Il sé tende costantemente ad espandersi, ad universalizzarsi, a creare organizzazioni sempre più sofisticate, nelle quali si fonde e si protegge. Ma se voi ed io fossimo esseri umani capaci di amare ed esprimessimo questo amore nella vita di tutti i giorni, allora ci sarebbe quella rivoluzione che è assolutamente essenziale…
Sapete che cosa intendo con il termine “sé”? Intendo il “me”, i ricordi, le convinzioni, le esperienze, le varie intenzioni nominabili o innominabili, lo sforzo intenzionale di essere o il non essere qualcosa, la memoria accumulata nell’inconscio riguardante l’appartenenza ad una razza, ad un gruppo, ad una famiglia e via di seguito.
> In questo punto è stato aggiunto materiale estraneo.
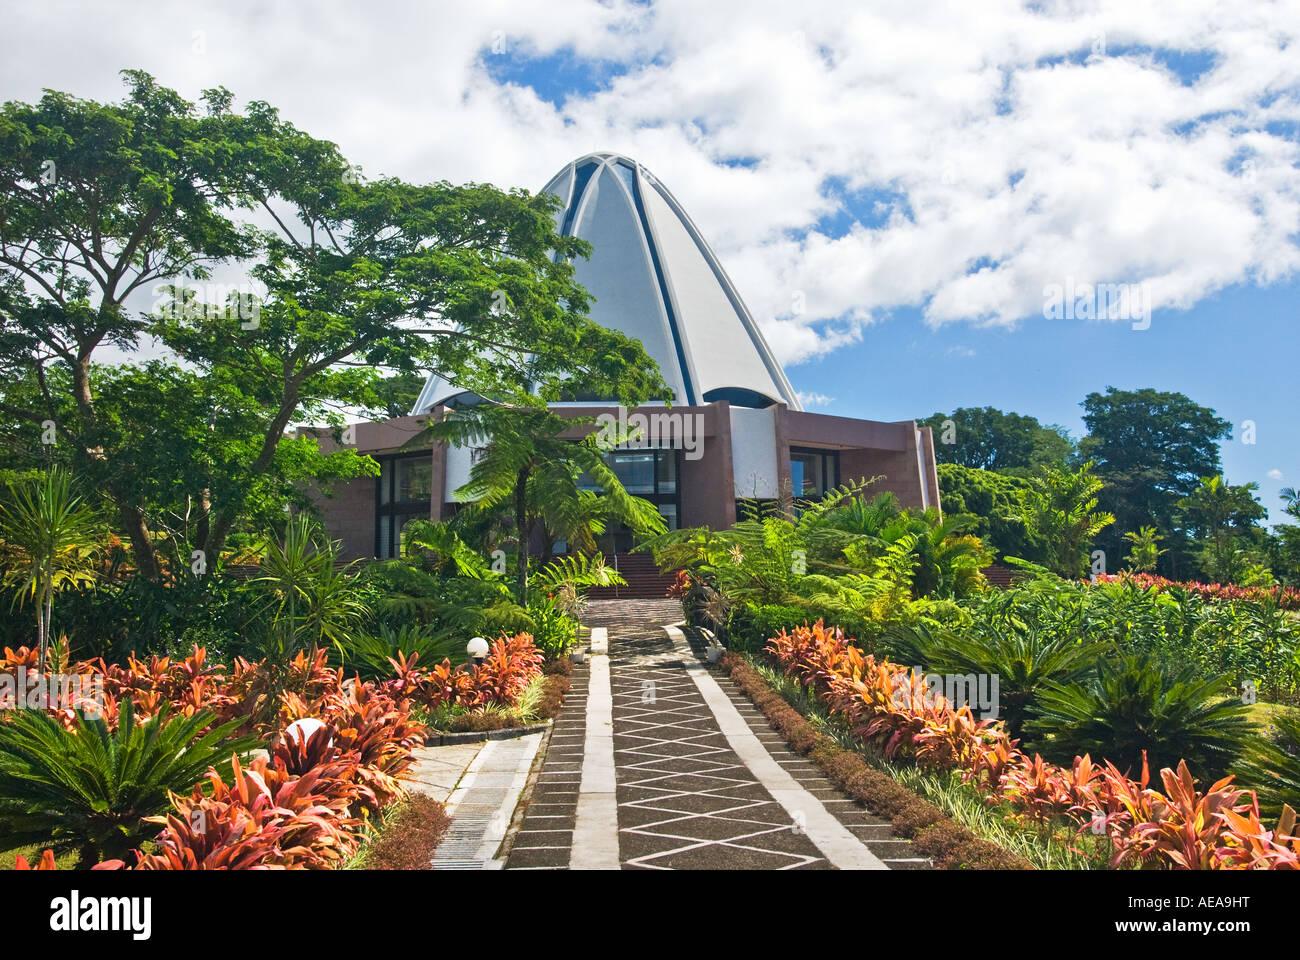 Garden of the baha 39 i house of worship in western samoa Sun garden manufactured home community

Tutto questo può manifestarsi esteriormente nell’azione o assumere sul piano spirituale l’aspetto di una virtù; questo complicato processo e lo sforzo che esso comporta costituiscono il sé, che implica necessariamente la competizione e il desiderio di essere. E quando ci troviamo di fronte a questo processo, ci rendiamo conto che è male. Uso intenzionalmente questa parola, perché il sé provoca divisione ed un processo autolimitante; qualunque cosa faccia, opera nella frammentazione e nell’isolamento. Lo sappiamo bene. E sappiamo anche quanto siano straordinari i momenti in cui il sé non c’è, quando cadono ogni tensione e ogni sforzo. Questo accade quando c’è amore.»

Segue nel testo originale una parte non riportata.